Below are records with pictures. Transcribe exactly, and only, the lines from the line with "1249 Brass and glass federal style lantern" to the line with "overall height with chain and canopy 28", both ends included, but not the pictures.

___ DATA SHOWN ___

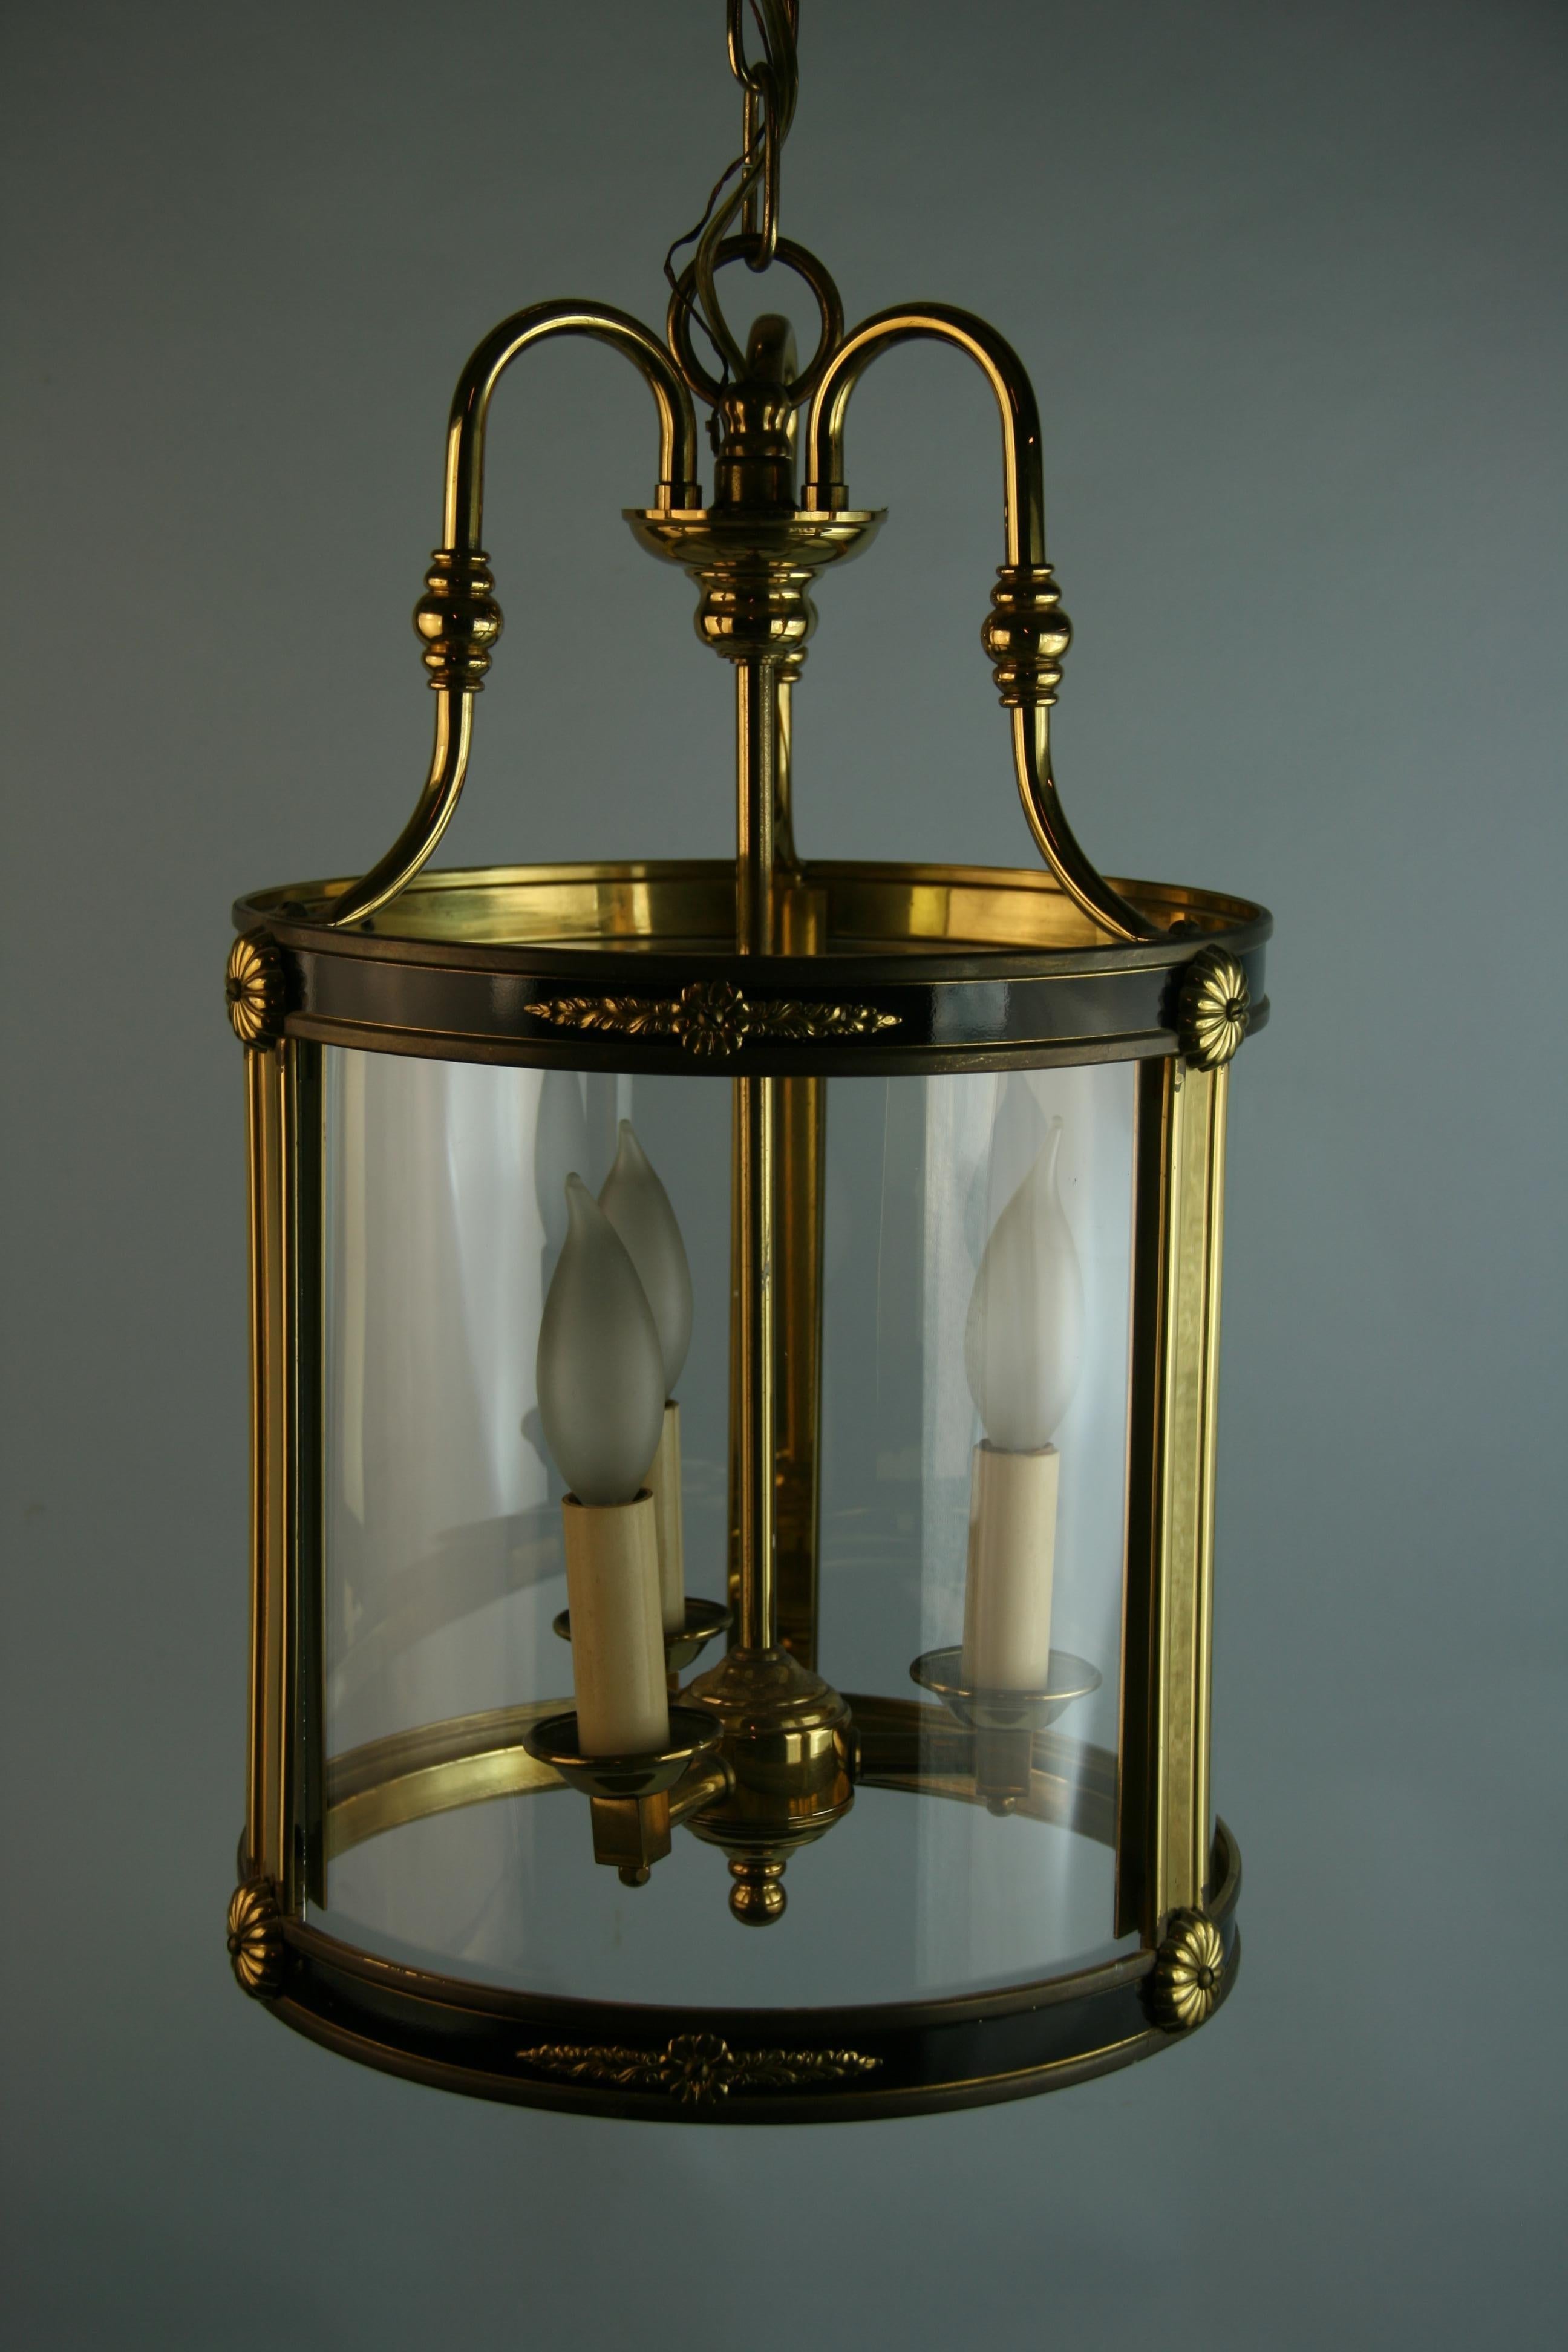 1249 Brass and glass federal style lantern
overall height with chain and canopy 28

___
___ DATA SHOWN ___

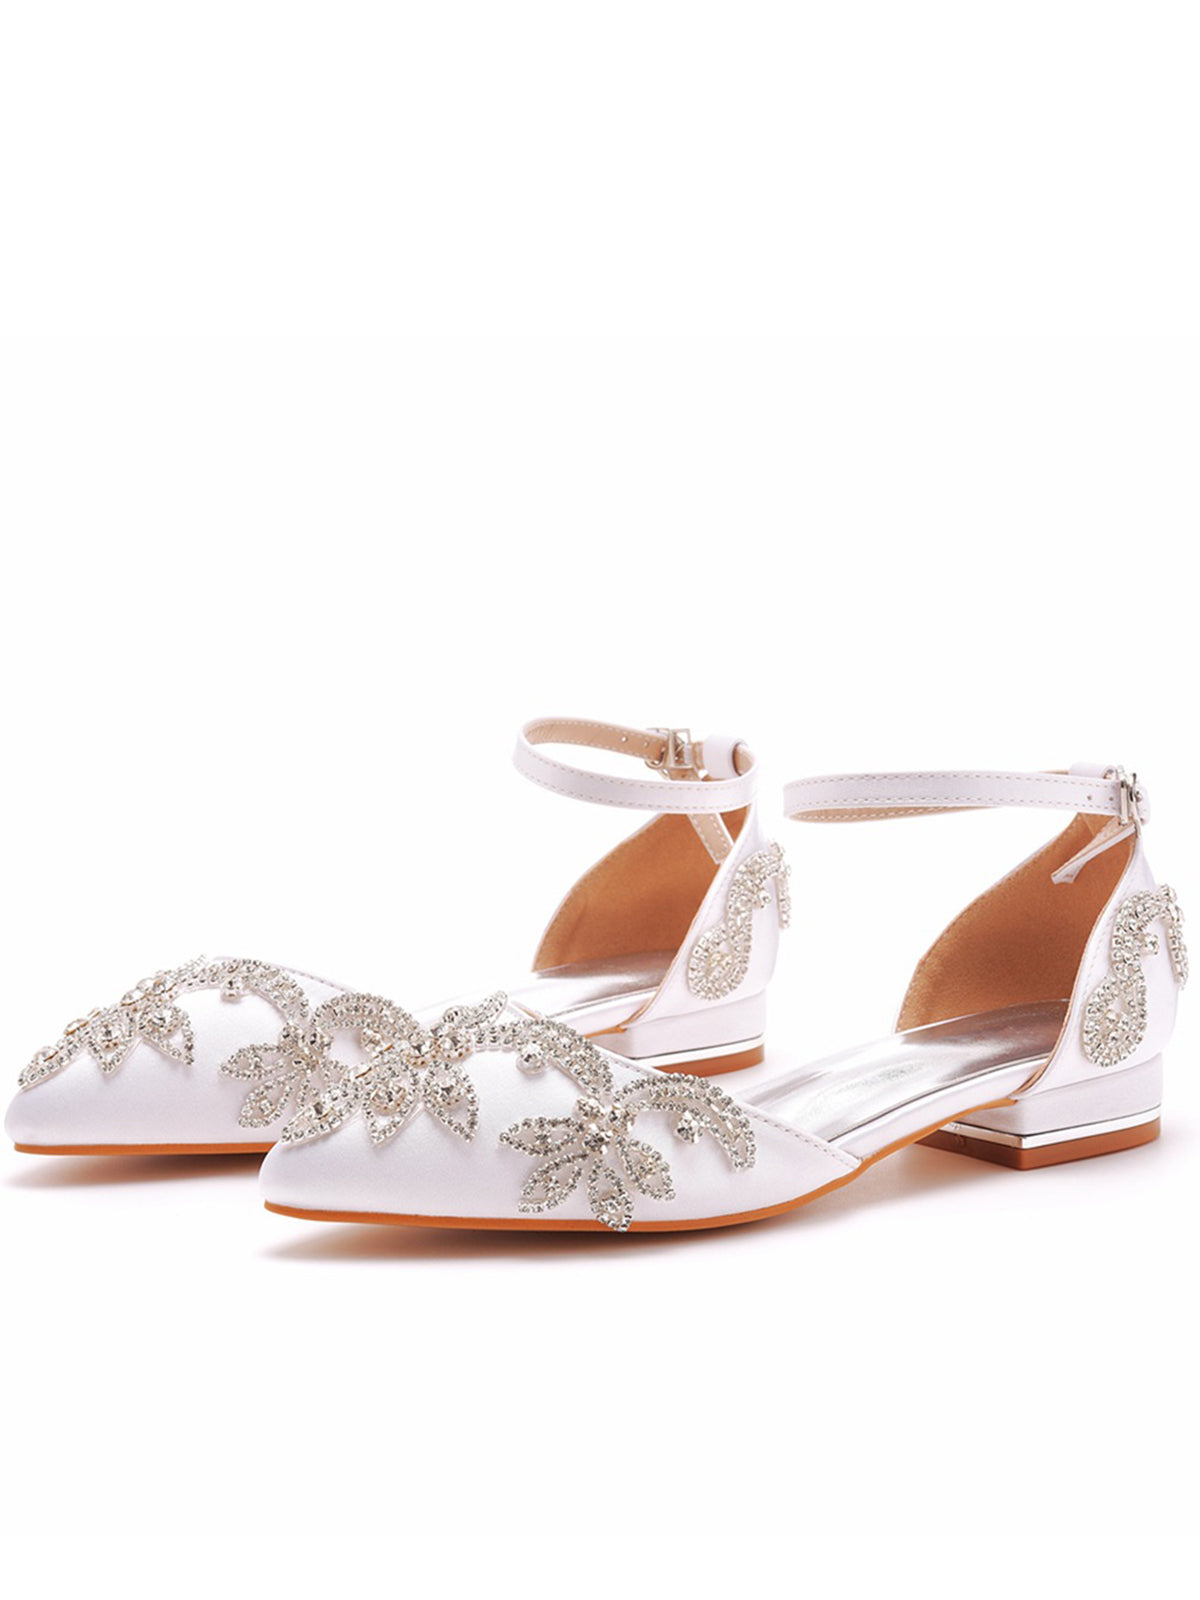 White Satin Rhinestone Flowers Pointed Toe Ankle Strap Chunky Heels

___

ANSWER:
 1249 Brass and glass federal style lantern
overall height with chain and canopy 28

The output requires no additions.